Plutonium compounds are compounds containing the element plutonium (Pu). At room temperature, pure plutonium is silvery in color but gains a tarnish when oxidized.[1] The element displays four common ionic oxidation states in aqueous solution and one rare one:[2]

  • Pu(III), as Pu3+ (blue lavender)
  • Pu(IV), as Pu4+ (yellow brown)
  • Pu(V), as PuO+2 (light pink)[note 1]
  • Pu(VI), as PuO2+2 (pink orange)
  • Pu(VII), as PuO3−5 (green)-the heptavalent ion is rare.
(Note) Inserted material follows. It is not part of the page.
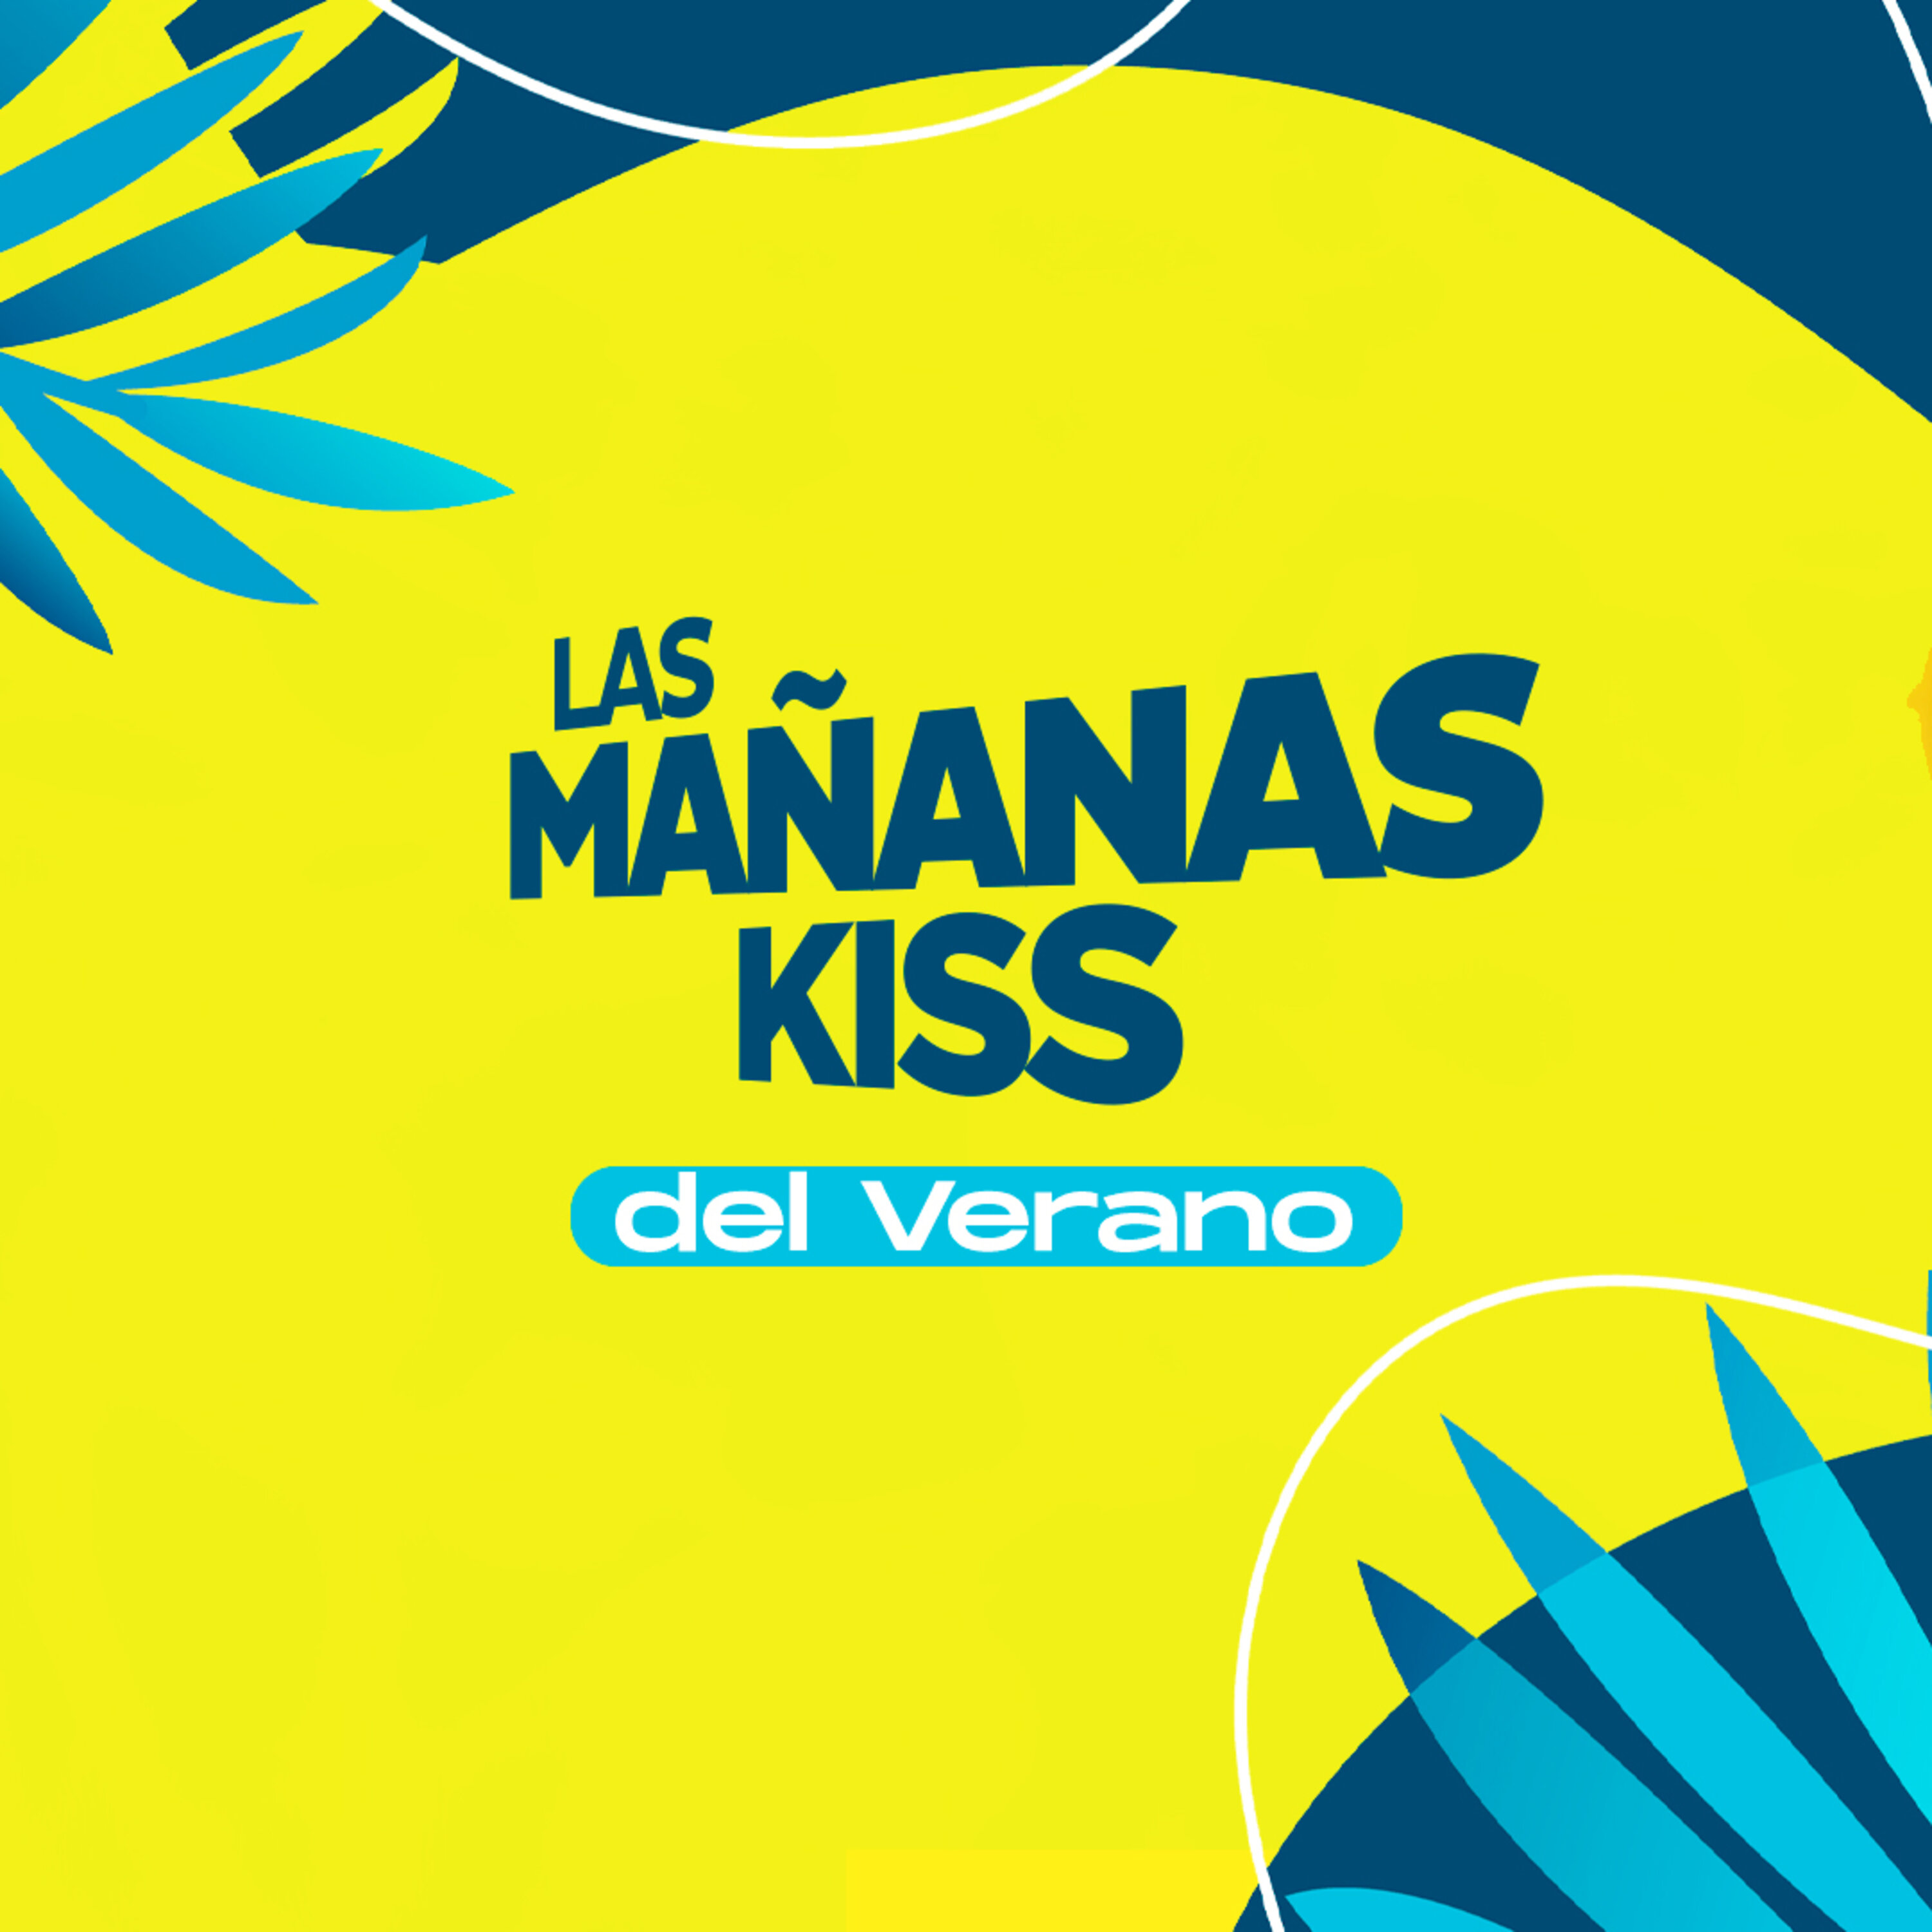 Las Mañanas KISS del Verano (09/08/2022 - 08-09h)
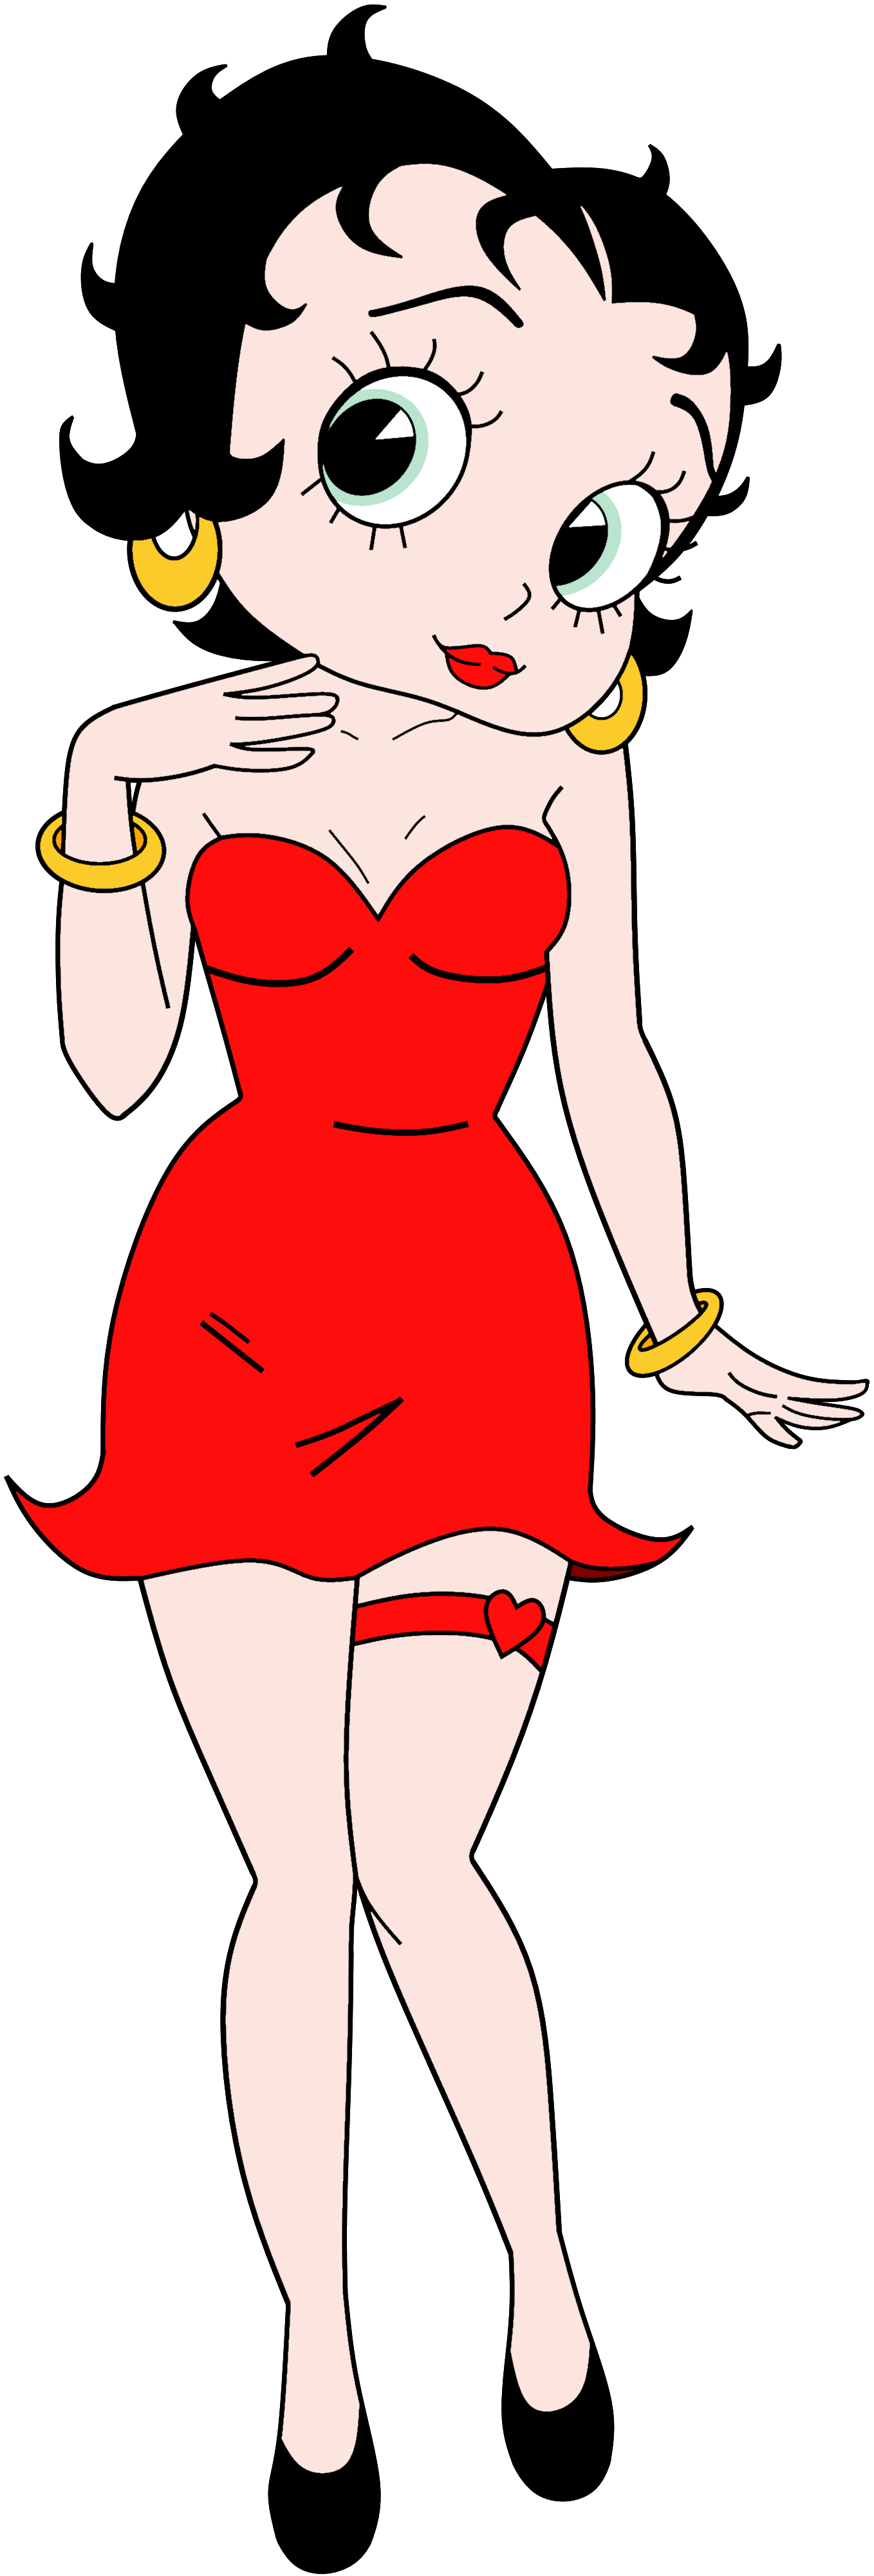 Betty Boop – Wikipédia, a enciclopédia livre

The color shown by plutonium solutions depends on both the oxidation state and the nature of the acid anion.[4] It is the acid anion that influences the degree of complexing—how atoms connect to a central atom—of the plutonium species. Additionally, the formal +2 oxidation state of plutonium is known in the complex [K(2.2.2-cryptand)] [PuIICp″3], Cp″ = C5H3(SiMe3)2.[5]

A +8 oxidation state is possible as well in the volatile tetroxide PuO4.[6] Though it readily decomposes via a reduction mechanism similar to FeO4, PuO4 can be stabilized in alkaline solutions and chloroform.[7][6]

Metallic plutonium is produced by reacting plutonium tetrafluoride with barium, calcium or lithium at 1200 °C.[8] Metallic plutonium is attacked by acids, oxygen, and steam but not by alkalis and dissolves easily in concentrated hydrochloric, hydroiodic and perchloric acids.[9] Molten metal must be kept in a vacuum or an inert atmosphere to avoid reaction with air.[9] At 135 °C the metal will ignite in air and will explode if placed in carbon tetrachloride.[10]

Black block of Pu with red spots on top and yellow powder around it
Plutonium pyrophoricity can cause it to look like a glowing ember under certain conditions.
Glass vial of brownish-white snow-like precipitation of plutonium hydroxide
Twenty micrograms of pure plutonium hydroxide

Plutonium is a reactive metal. In moist air or moist argon, the metal oxidizes rapidly, producing a mixture of oxides and hydrides.[11] If the metal is exposed long enough to a limited amount of water vapor, a powdery surface coating of PuO2 is formed.[11] Also formed is plutonium hydride but an excess of water vapor forms only PuO2.[9]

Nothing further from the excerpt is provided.